I - Présentation matérielle des actes
Cela concerne la rédaction des actes et leur disposition dans les différents registres.
A - Rédaction des actes
Les actes doivent être établis en respectant les règles de forme précisées par l’article 6 du décret n° 2017-890 du 6 mai 2017 relatif à l'état civil et par les numéros 88 à 132 de l'IGREC.
1. Personnes intervenant à l’établissement des actes
Ce sont l’officier de l’état civil, les déclarants et les témoins.
a) Officiers de l’état civil
Les actes de l'état civil sont établis par les officiers de l'état civil. Ces derniers exercent leurs fonctions sous le contrôle du procureur de la République (art. 34-1 du code civil).
Cette qualité est reconnue au maire etaux adjoints ; le maire peut déléguer cette compétence à des conseillers municipaux, voire à des fonctionnaires municipaux. Sa présence étant nécessaire pour conférer à l’acte la force probante authentique, l’officier de l’état civil doit recevoir en personne les déclarations des parties ou des déclarants.
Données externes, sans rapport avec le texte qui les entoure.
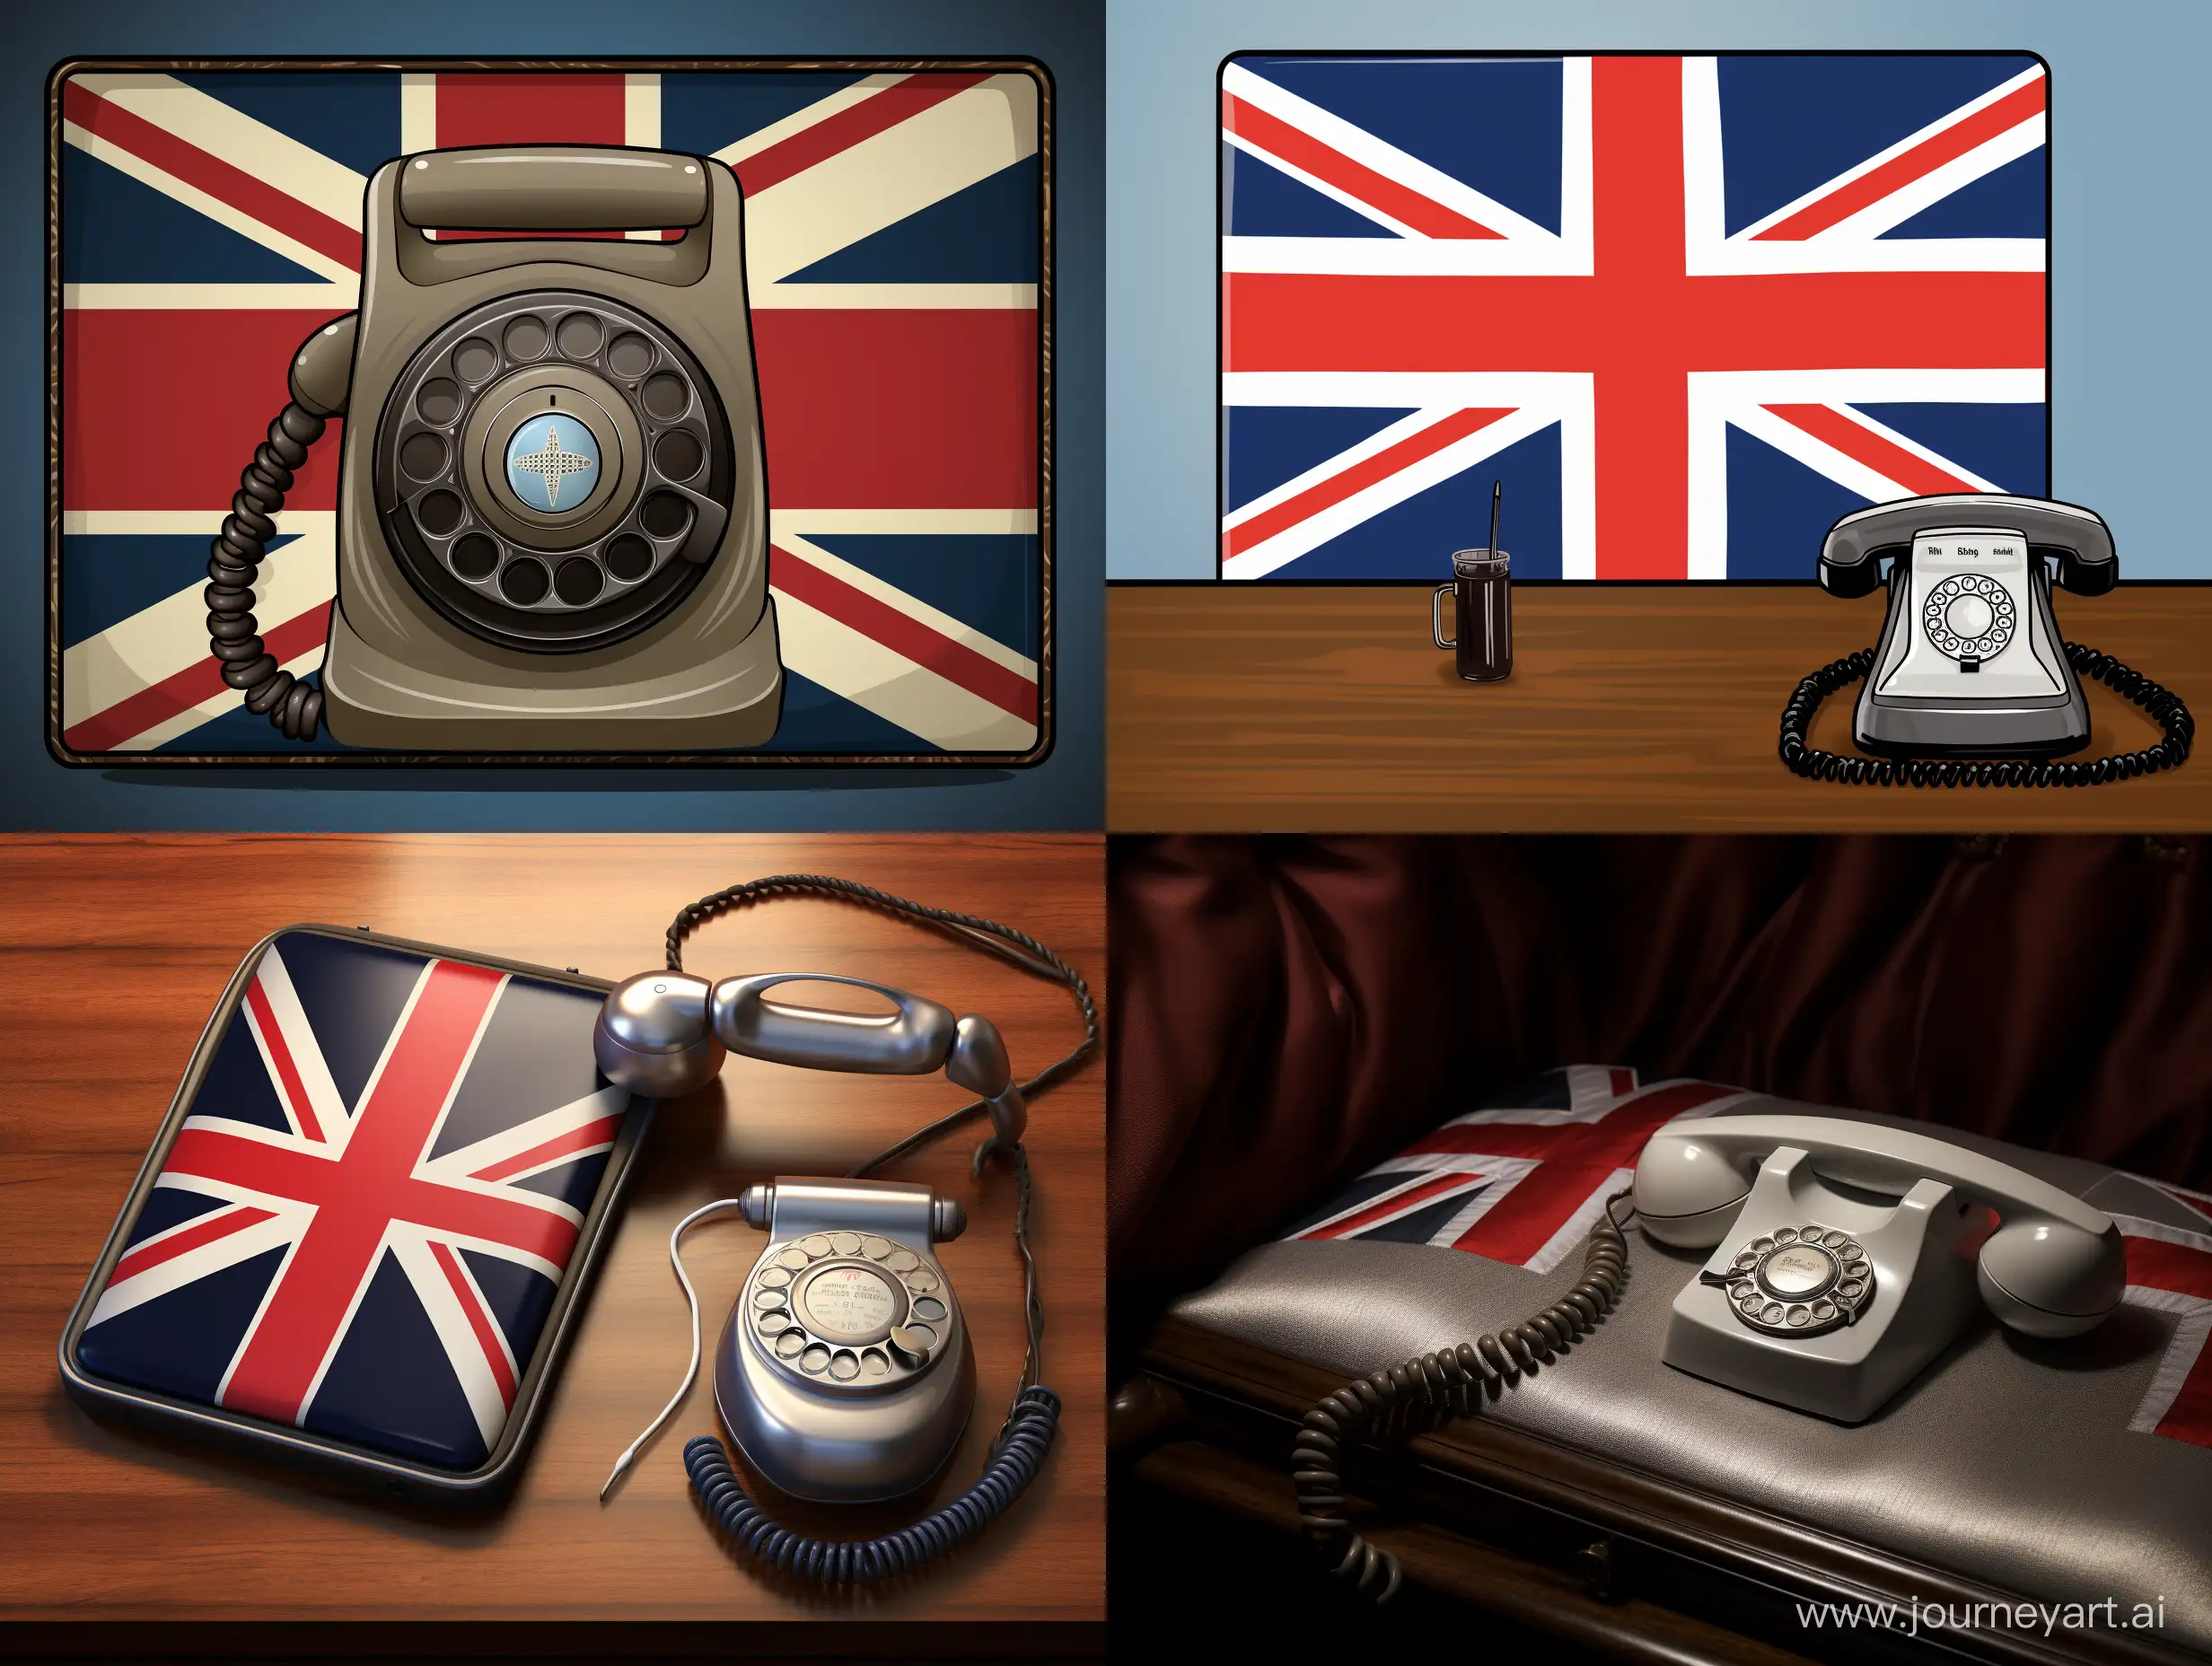 Dankirk-National-Flag-with-Button-Phone-and-Friendship

L’officier de l’état civil appelé à recevoir un acte est tenu aux obligations suivantes :
- il doit, en principe, recevoir l’acte à la maison commune. Néanmoins, en cas d’empêchement grave ou de péril imminent de mort, l’officier de l’état civil peut recevoir tout acte au domicile ou à la résidence des parties, bien que cette possibilité n’ait été expressément prévue par la loi qu’en ce qui concerne le mariage (art. 75 du code civil) ;
- il ne peut intervenir à un autre titre dans un acte qu’il établit. Ainsi, il y a incompatibilité entre la célébration d’un mariage par un officier de l’état civil et sa participation au même mariage en qualité de témoin ou d’ascendant donnant à son descendant mineur le consentement requis par la loi ;
- il ne doit consigner dans les actes que ce qui doit être déclaré par les comparants (art. 35 du code civil) ;
- il ne peut refuser de dresser un acte prévu par la loi ;
- il ne peut dresser d’office un acte de l’état civil. S’il apprend qu’une naissance ou qu’un décès ne lui a pas été déclaré, il en informe le procureur de la République qui pourvoit à ce que les faits soient constatés ;
- il appartient à l’officier de l’état civil, en raison du caractère authentique attaché à l’acte, d’inviter les personnes concernées à justifier de leur identité afin d’éviter le risque d’erreur dans la rédaction de celui-ci ;
- il doit donner lecture des actes aux parties comparantes, ou à leur fondé de procuration, et aux témoins et les inviter à en prendre directement connaissance avant de les signer (art. 38 du code civil) ;
- il doit refuser son concours lorsque le caractère illicite, mensonger ou frauduleux de l’acte qu’on lui demande de dresserest révélé.
b) Déclarants
Ils interviennent à l’acte en qualité de parties ou de déclarants.
Les parties sont les personnes directement intéressées à l’acte dont l’expression de volonté est nécessaire pour créer l’état nouveau que l’acte a pour objet de constater. Ainsi, dans l’acte de mariage, les parties sont les futurs époux, les parents, les aïeux ou le conseil de famille lorsque le consentement de ces derniers est nécessaire.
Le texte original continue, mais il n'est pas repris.